From back left, Vivek Seshadri, Harsha Vardhan Simhadri, Suresh Parthasarathy and Priyan Vaithilingam are among the researchers in Microsoft’s India lab who are working on the project. Photo by Mahesh Bhat.

Bottom up

All this compression work will only make existing machine-learning models 10 to 100 times smaller. To deploy machine-learning onto Cortex M0s, the smallest of the ARM processors – they are physically about the size of a red-pepper flake and Dekel calls them “computer dust” – the models need to be made 1,000 to 10,000 times smaller.

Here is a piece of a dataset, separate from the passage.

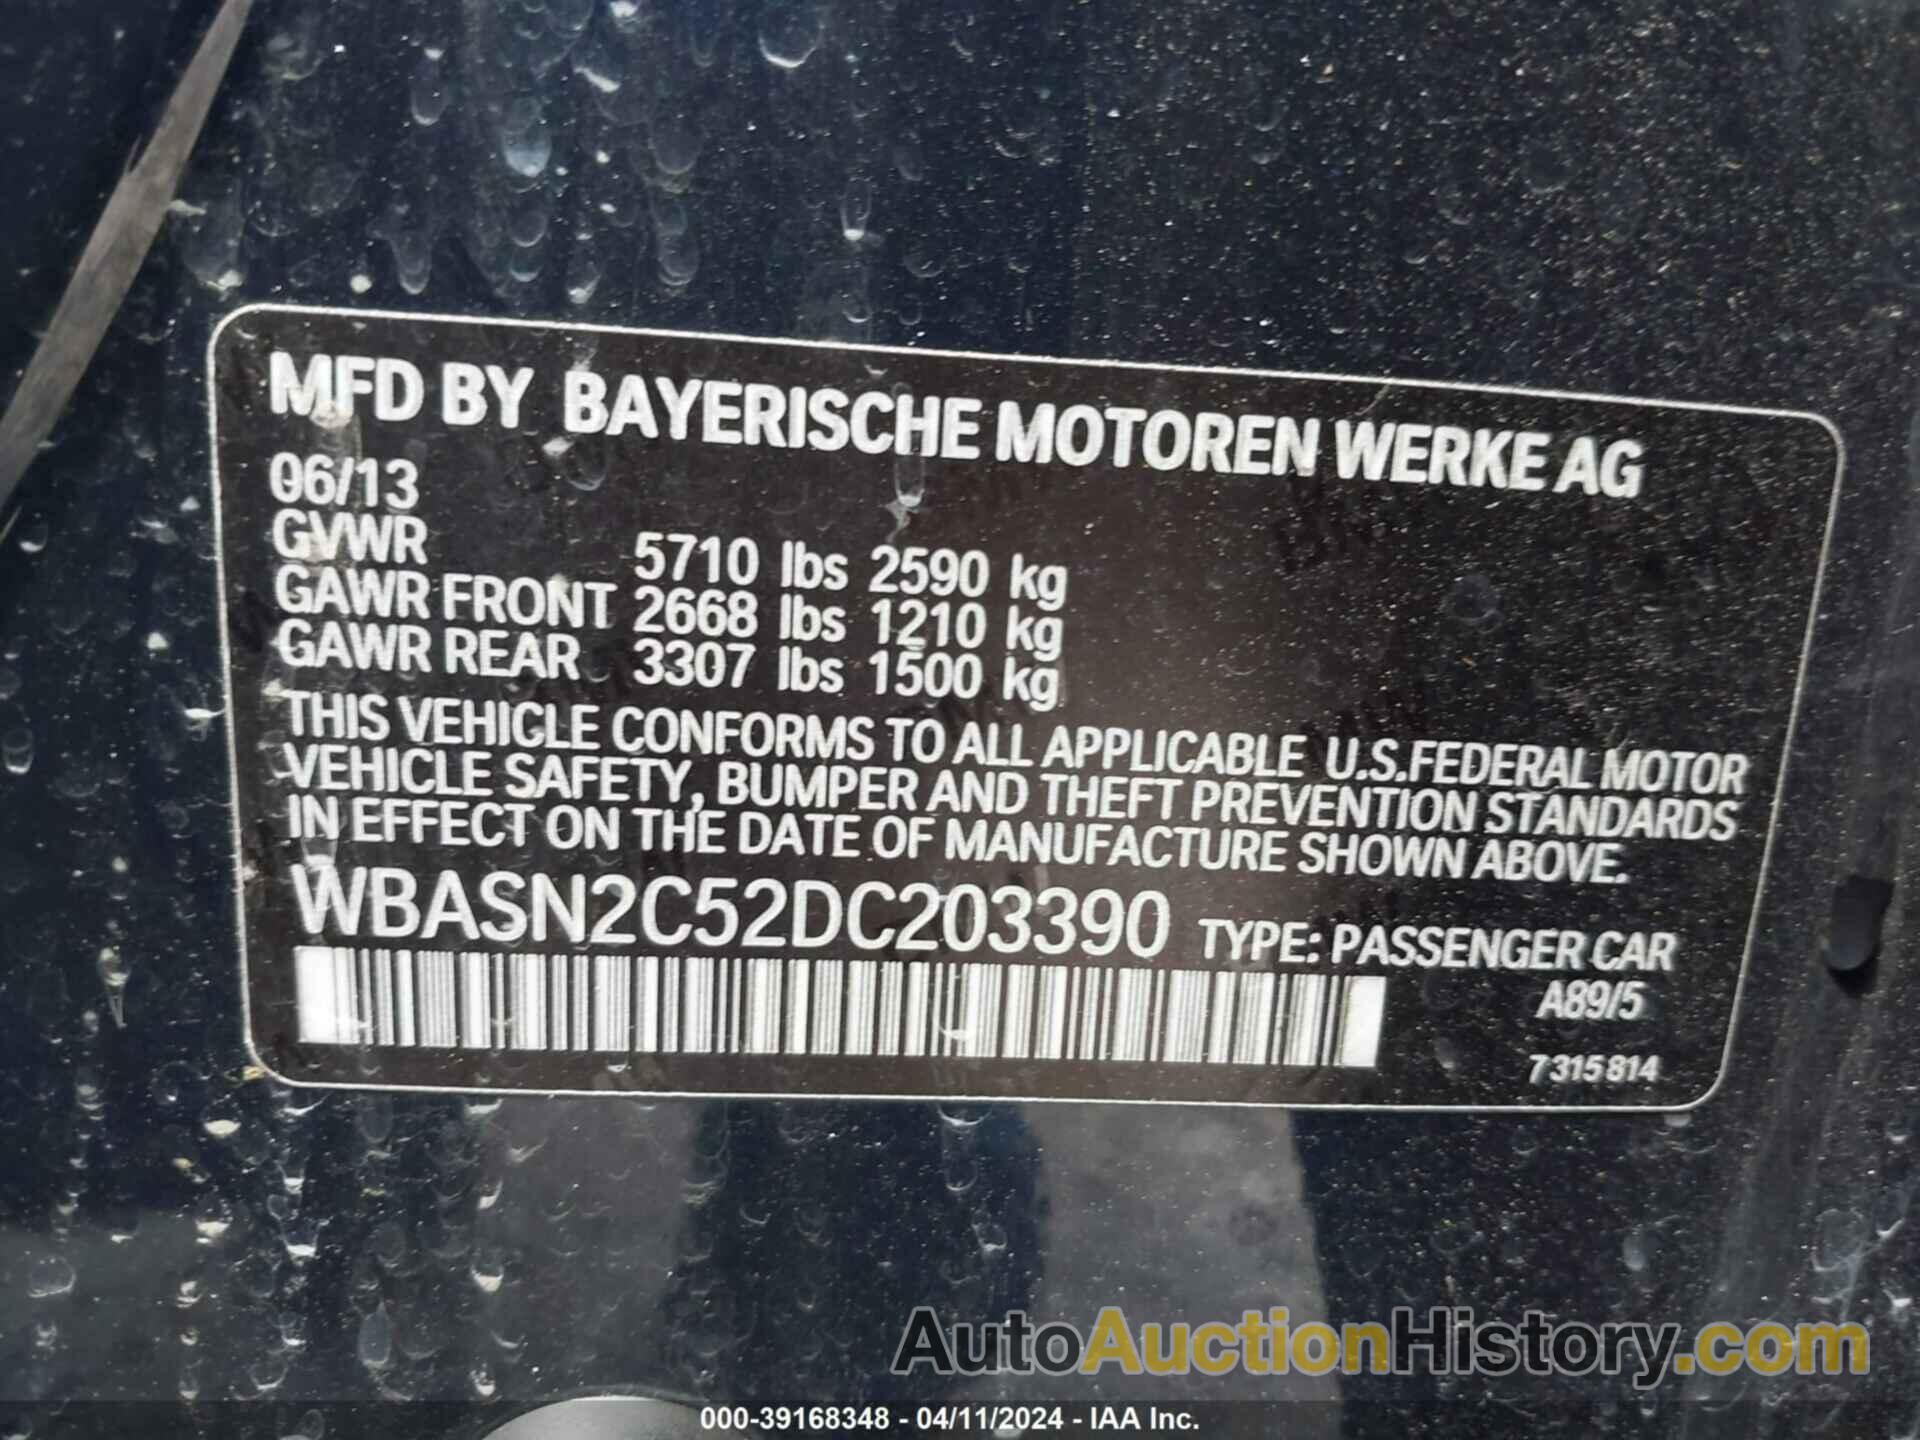 BMW 535I GRAN TURISMO, WBASN2C52DC203390

“There is just no way to take a deep neural network, have it stay as accurate as it is today, and consume 10,000 less resources. You can’t do it,” said Dekel. “So, for that, we have a longer-term approach, which is to start from scratch. To start from math on the white board and invent a new set of machine-learning technologies and tools that are tailored for these resource-constrained platforms.”

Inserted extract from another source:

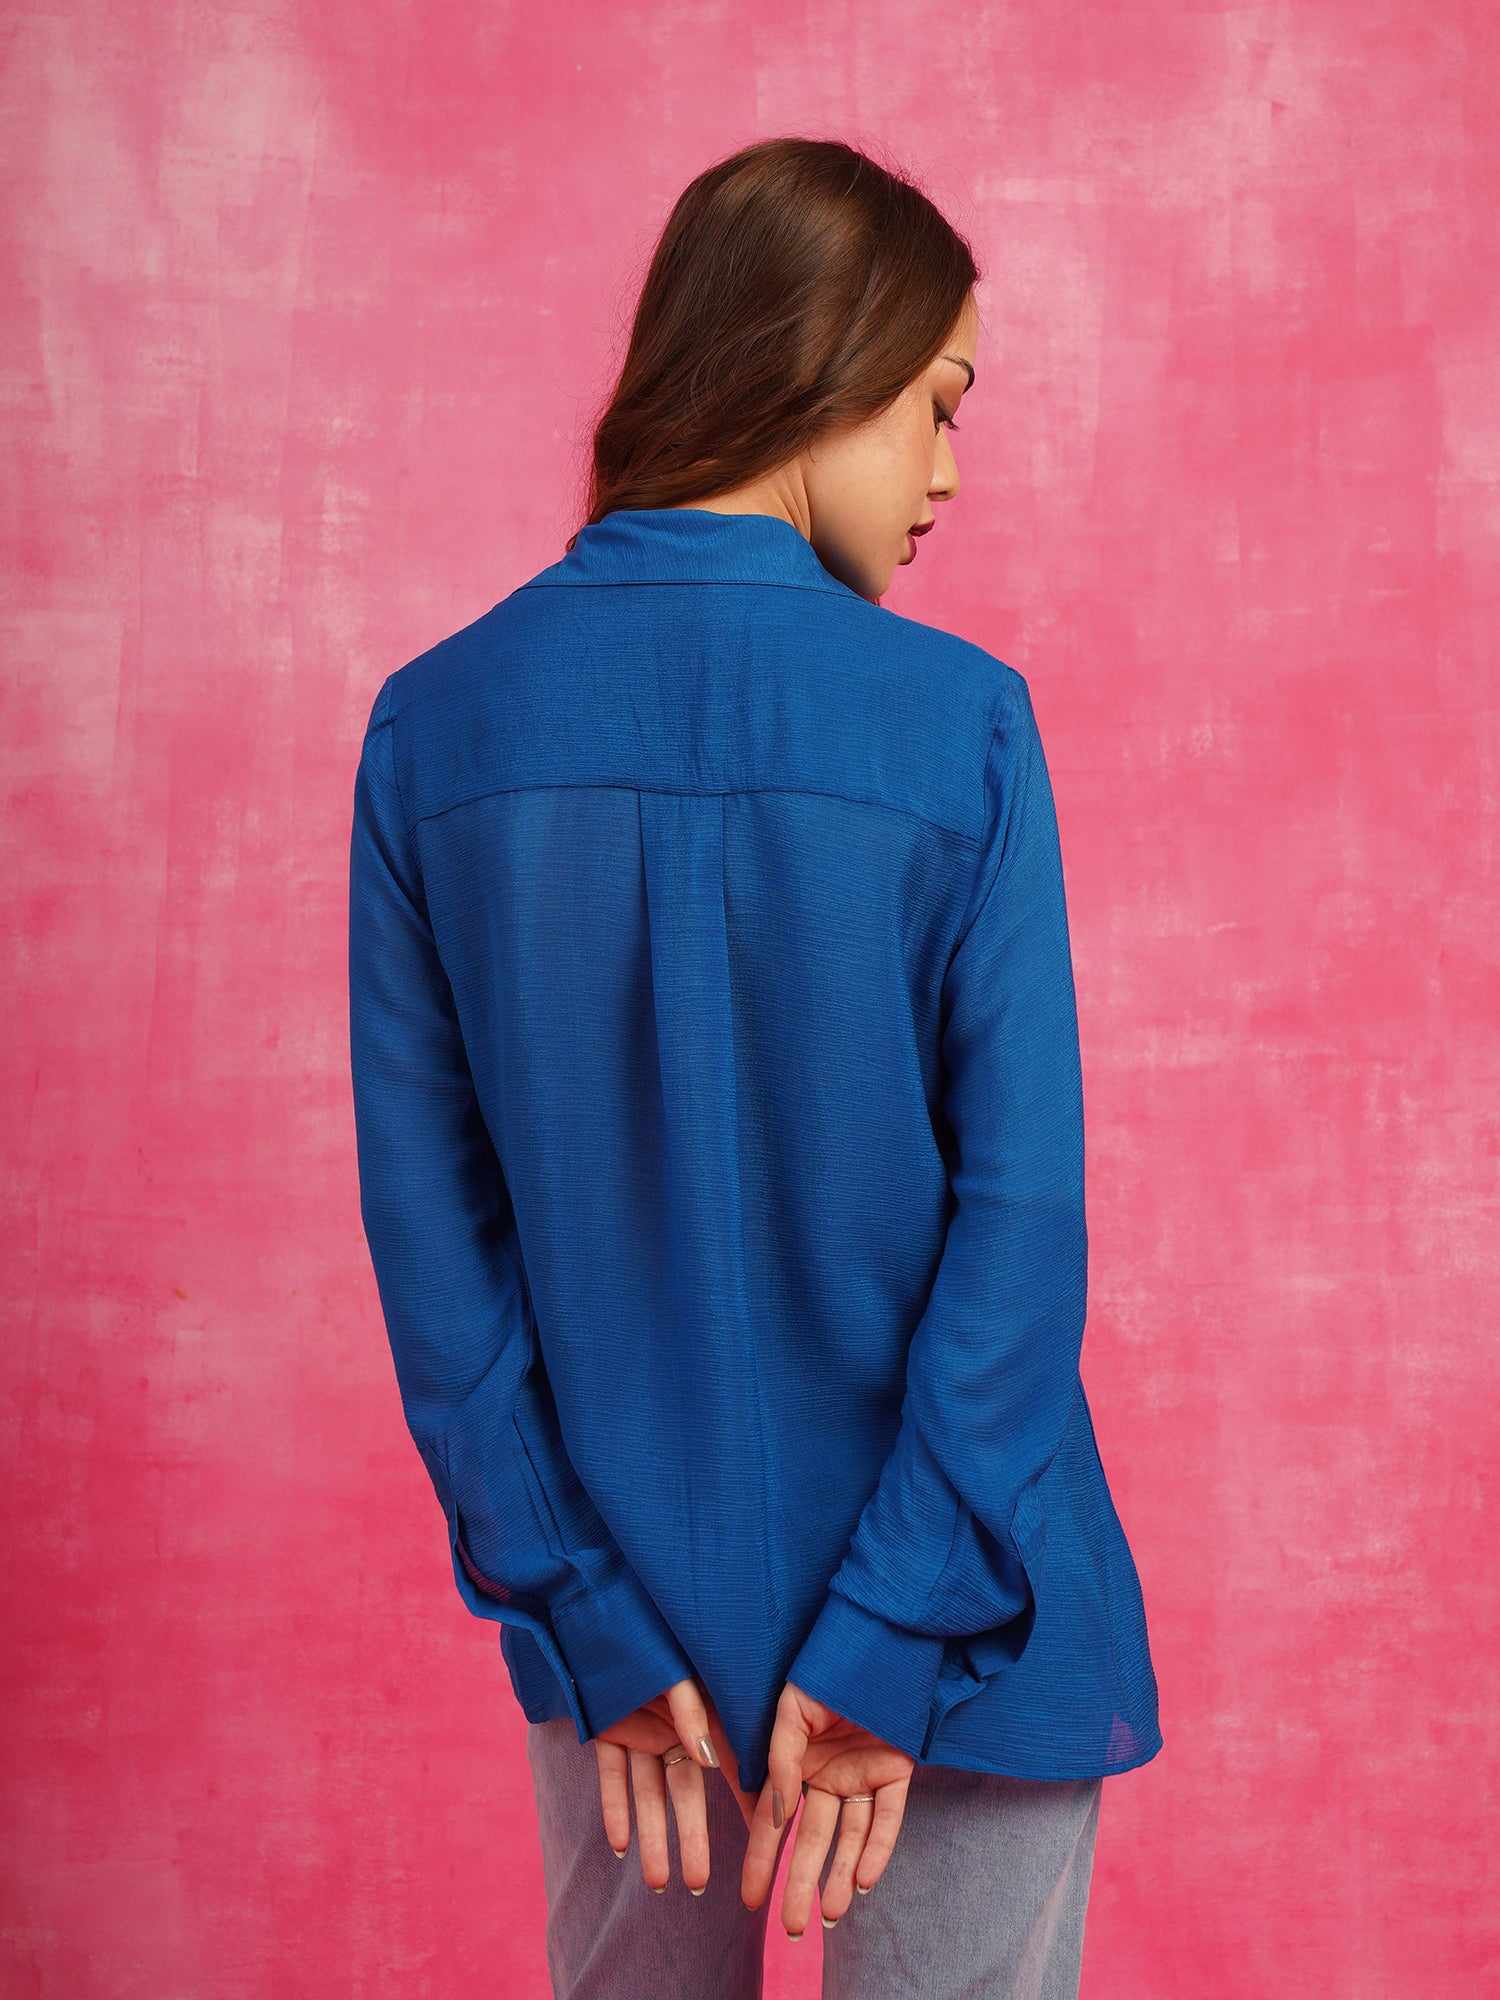 deluxe embellished blue shirt

The bottom-up approach starts from the tiny end of the spectrum, where team members are focused on building a library full of training algorithms, each tuned to perform optimally for a niche set of scenarios: one for applications such as the brain implant, for example, and another to detect anomalies such as in a jet engine to predict when maintenance is required.

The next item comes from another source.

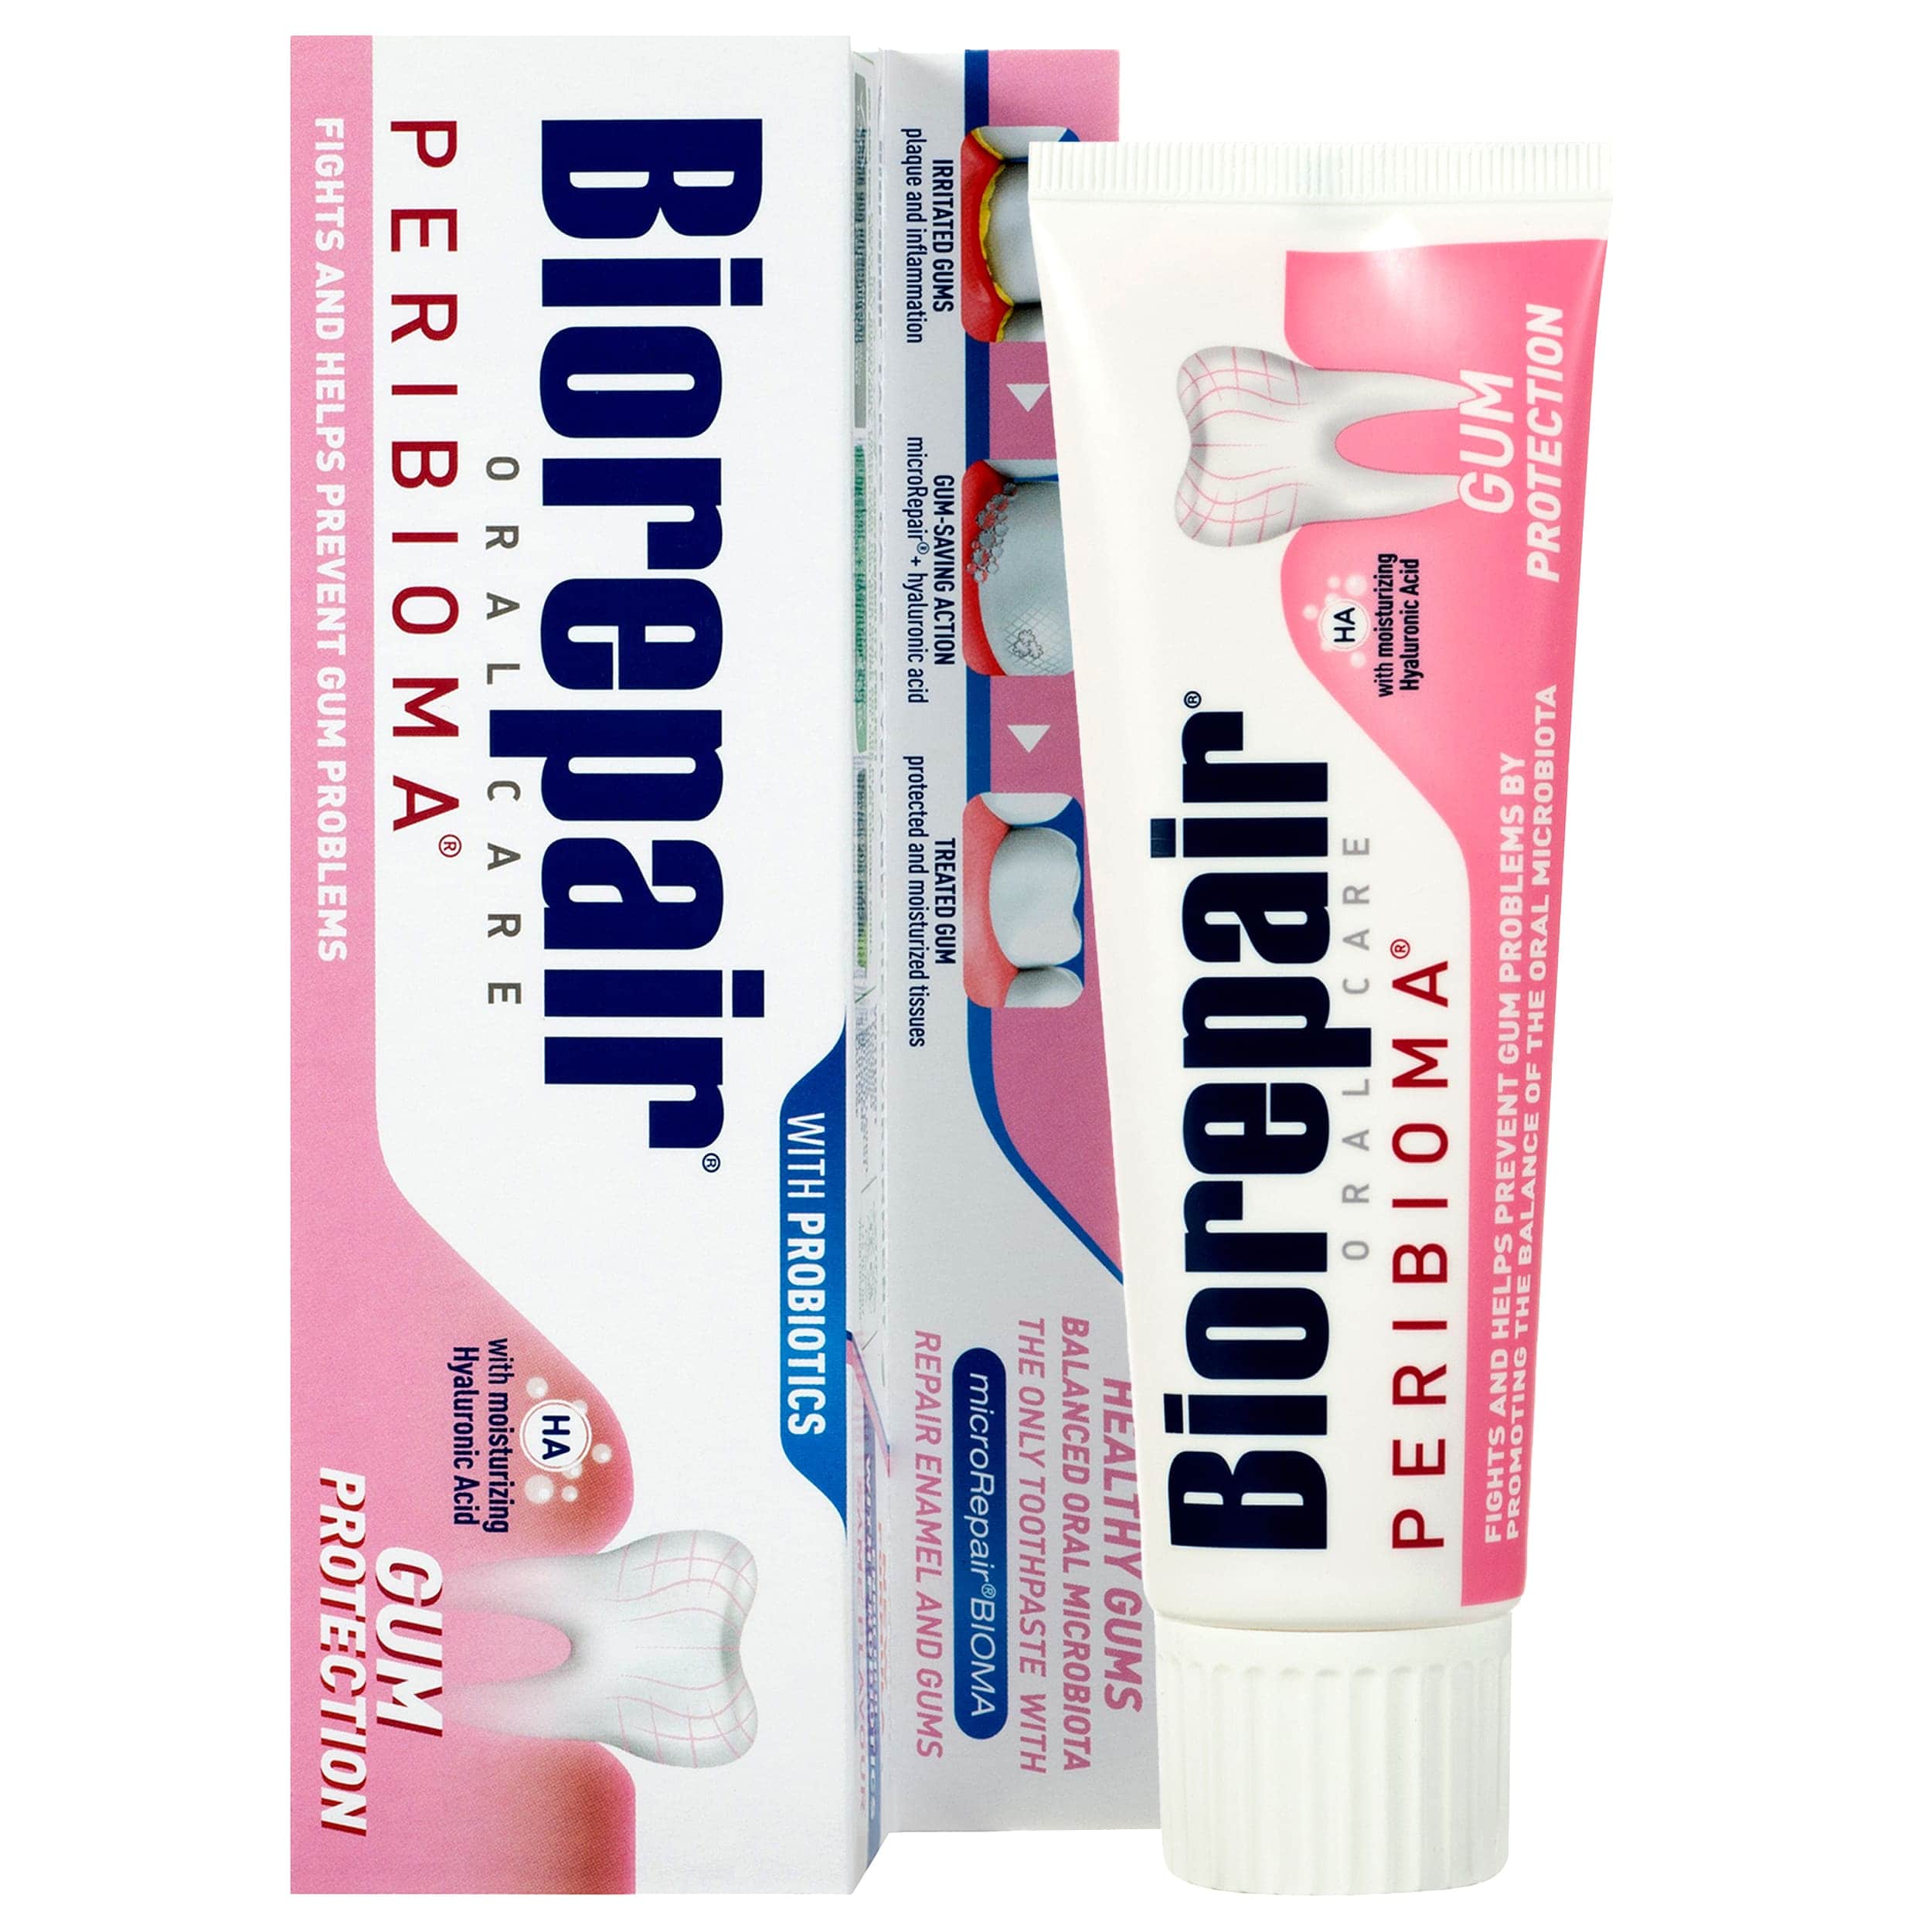 Biorepair Зубная паста для защиты десен Peribioma Gum Protection, 75 мл (Biorepair, Чувствительные зубы) зубная паста biorepair total protection 75 мл

The smallest device that the group has focused on is the Arduino Uno, a severely resource-constrained single-board computer with only 2 kilobytes of RAM. The algorithms train machine-learning models for tasks such as answering yes-or-no and multiple-choice questions, predicting likely target values and ranking a list of items.

These models are inspired by cloud-based systems, but they are being re-engineered in ways that shrink the amount of data learned, reduce computational complexity and limit memory requirements yet maintain accuracy and speed.

“Ultimately, you get predictions that are almost as accurate as (cloud-based neural networks) but now your model size is very little so you can deploy it for a few kilobytes of RAM,” explained Varma.

Microsoft researchers are working on systems that can run machine learning algorithms on microcontrollers as small as the one pictured. Photo by Dan DeLong.

A prototype device in development to showcase the potential of this research is an intelligent walking stick for Varma, who is visually impaired, that can detect falls and issue a call for assistance. Another potential application is an intelligent glove that can interpret American Sign Language and voice the signed words through a speaker.

“I like helping people with their impairments be more productive and better integrated into society,” said Varma.

Imagining the future

The drive to embed AI on tiny devices is part of a broader initiative within Microsoft’s research organization to envision technologies that could be pervasive a decade from now. For Dekel and colleagues, this is a world filled with intelligent, secure devices built with tools that are accessible to anyone with an idea and desire to make it.

For now, the research project is serving the maker community – people who have problems such as Dekel’s with squirrels and a vision to solve them with homemade technology. Other makers are domain experts such as a swimmer who wants to train a fitness band to count laps and distinguish between freestyle, breaststroke and butterfly.

Varma envisions a role for these makers throughout industry as well, developing intelligent, secure devices optimized for anomaly detection and predictive maintenance tasks. “Fixing something when it is broken,” he noted, “is much more costly than identifying the problem before the break.”

Only a few of these devices will ever exist if the work of making them is left to the relatively small population of computer scientists with PhDs in artificial intelligence, noted Amershi. She is working on interfaces and other tools to reduce the complexity and monotony of training and deploying machine-learning models onto edge devices so that makers of all kinds can be productive.

“Machine learning is not a one-shot thing,” she said. “It’s an art. It takes some effort, some iterations, to steer these machine-learning models to do the thing you want them to do.”